A cycle emerges: An elite flaunts their belief, the masses copy it, and the elite discards it. Then a new luxury belief emerges, while the old one causes chaos for the masses.
Luxury goods only cause limited damage because they’re expensive. Beliefs are free and viral, which, paired with the internet, exacerbates the problem.
This is an underrated element of the internet: it increases variance. The internet significantly expands the opportunities to gain status, but also exacerbates the problems positional scarcity creates.
From NFTs to luxury beliefs, new signalling mechanisms will continue to emerge to help people further differentiate themselves in our digital worlds.
Read of the week: Following our release of On Deck’s series A memo from earlier this year, we published a piece called “Organizing The World’s Ambition” that details more about where we’re going.
Watch of the week: Martin Borch Jensen on Aging
Podcast of the week: Joe Norman on The Dangers of Civilization at Scale
Until next week,
Erik
Very interesting piece.
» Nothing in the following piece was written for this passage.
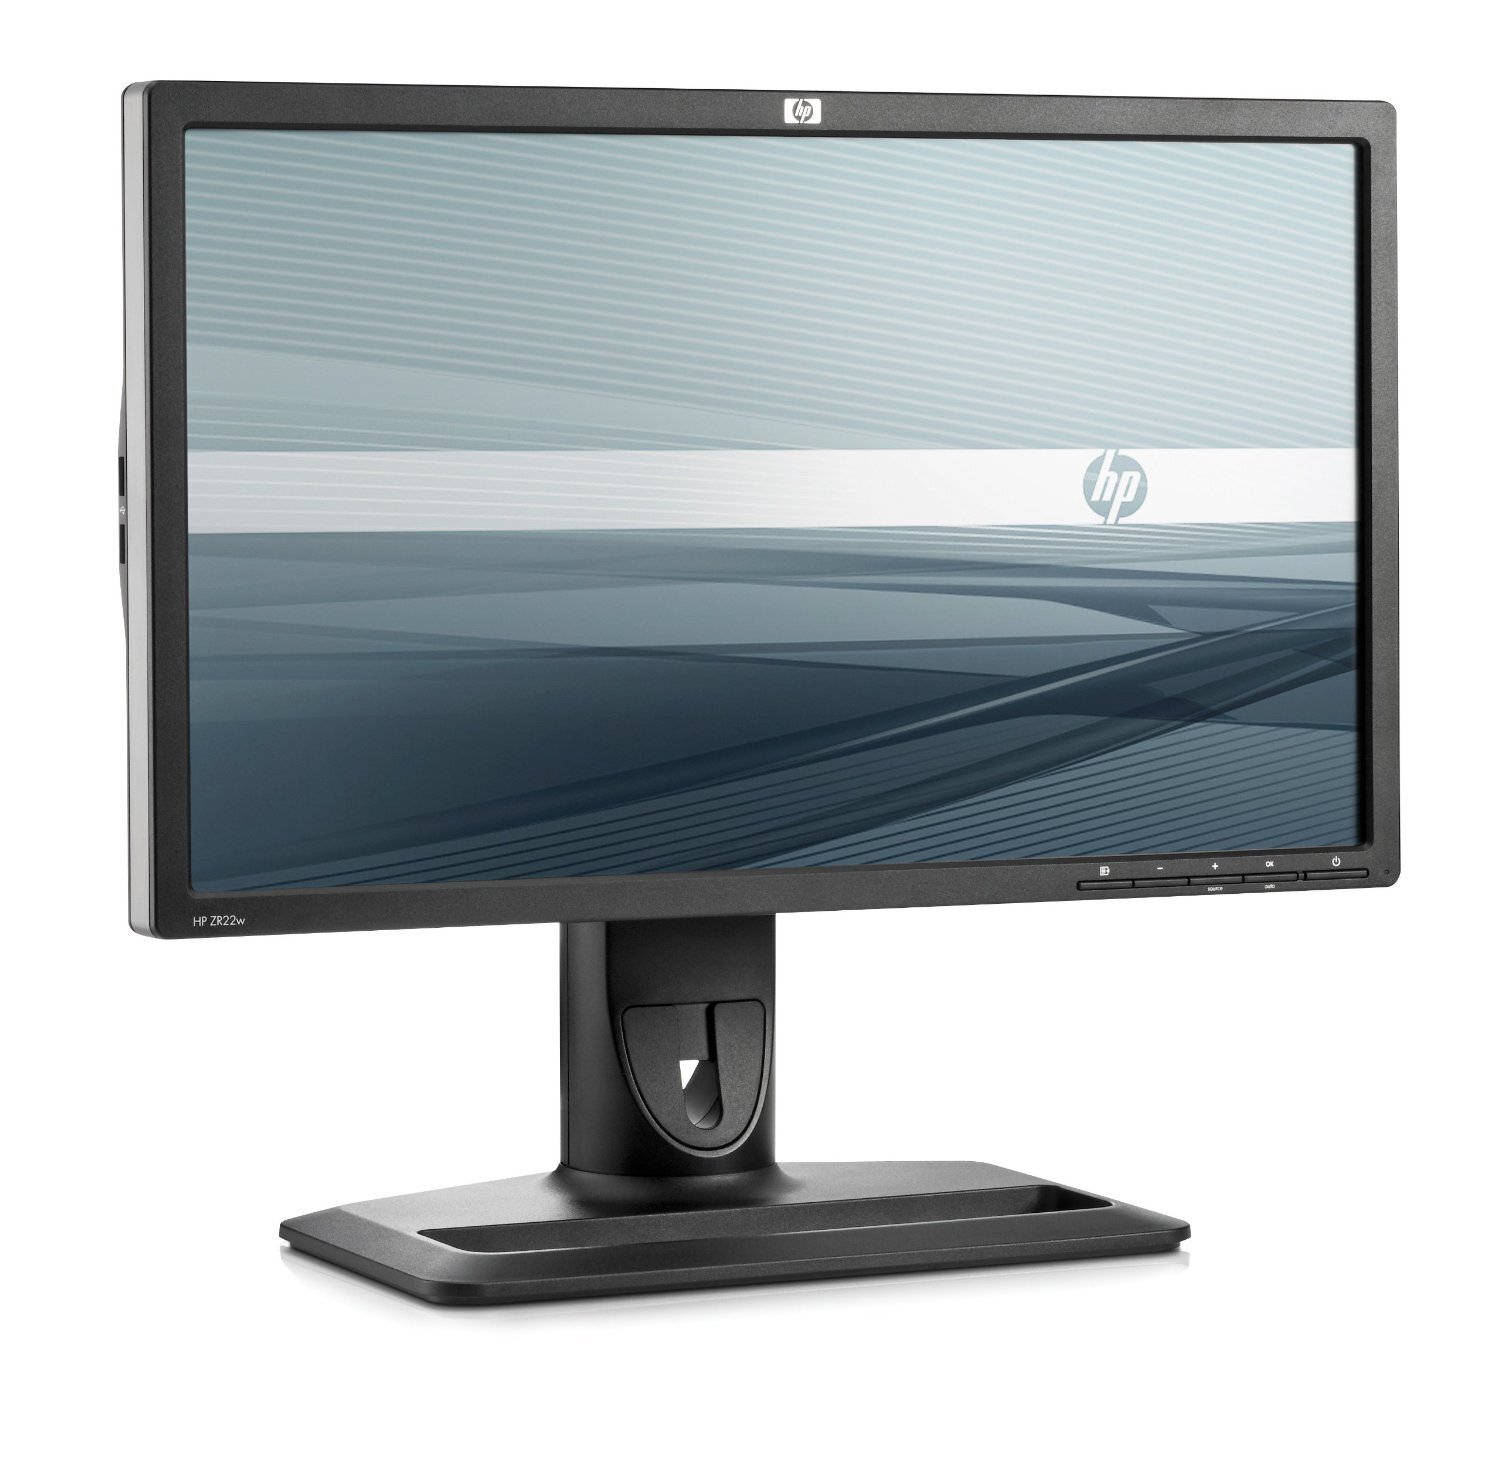 Màn hình máy tính HP ZR22w (VM626A4) - 21.5 inch, LCD

I like how you it all comes down to the very basic human emotions and motivators. Therefore, it's important to explore the modern mediums for expressing those emotions. It seems that if you really understand human behavior deeply, you would be able to navigate those new mediums more easily, as they are still an extension of the original human core.
Don't forget:
1) To consider how On Deck could be wrong about education. Beware of whistling past the graveyard.
2) One-way functions.
3) Some things don't scale.
Scarcity of seats at prestigious universities isn't just about status, it's also because some things simply don't scale.
Scale: Is being a parent to 11 kids or educator to 11 students benefit from scale? Only to a point.
Content-wise, sure, it scales pretty well.
Relationship-wise and supervision-wise, not so much.
Especially from the viewpoint of the student / child. Lots different being an only child versus 1 of 11
Disclosure: I'm #9 of 11 children of my parents, and a retired educator of doctors.
One way functions: the experience of a teacher/father of 11 is not analogous to being one of 11 children of that father.
"Yeah, teacher/father of 4 vs. 11; what's the difference. It's the same lesson plan/need to be 24x7 on call."
From the student/child's point of view: Sharing a teacher/father with 3 others vs. 10 others is a big difference.
As an educator, especially with certain higher-risk formation contexts, as in medicine: it's damn hard to supervise 3 student doctors, let alone 10.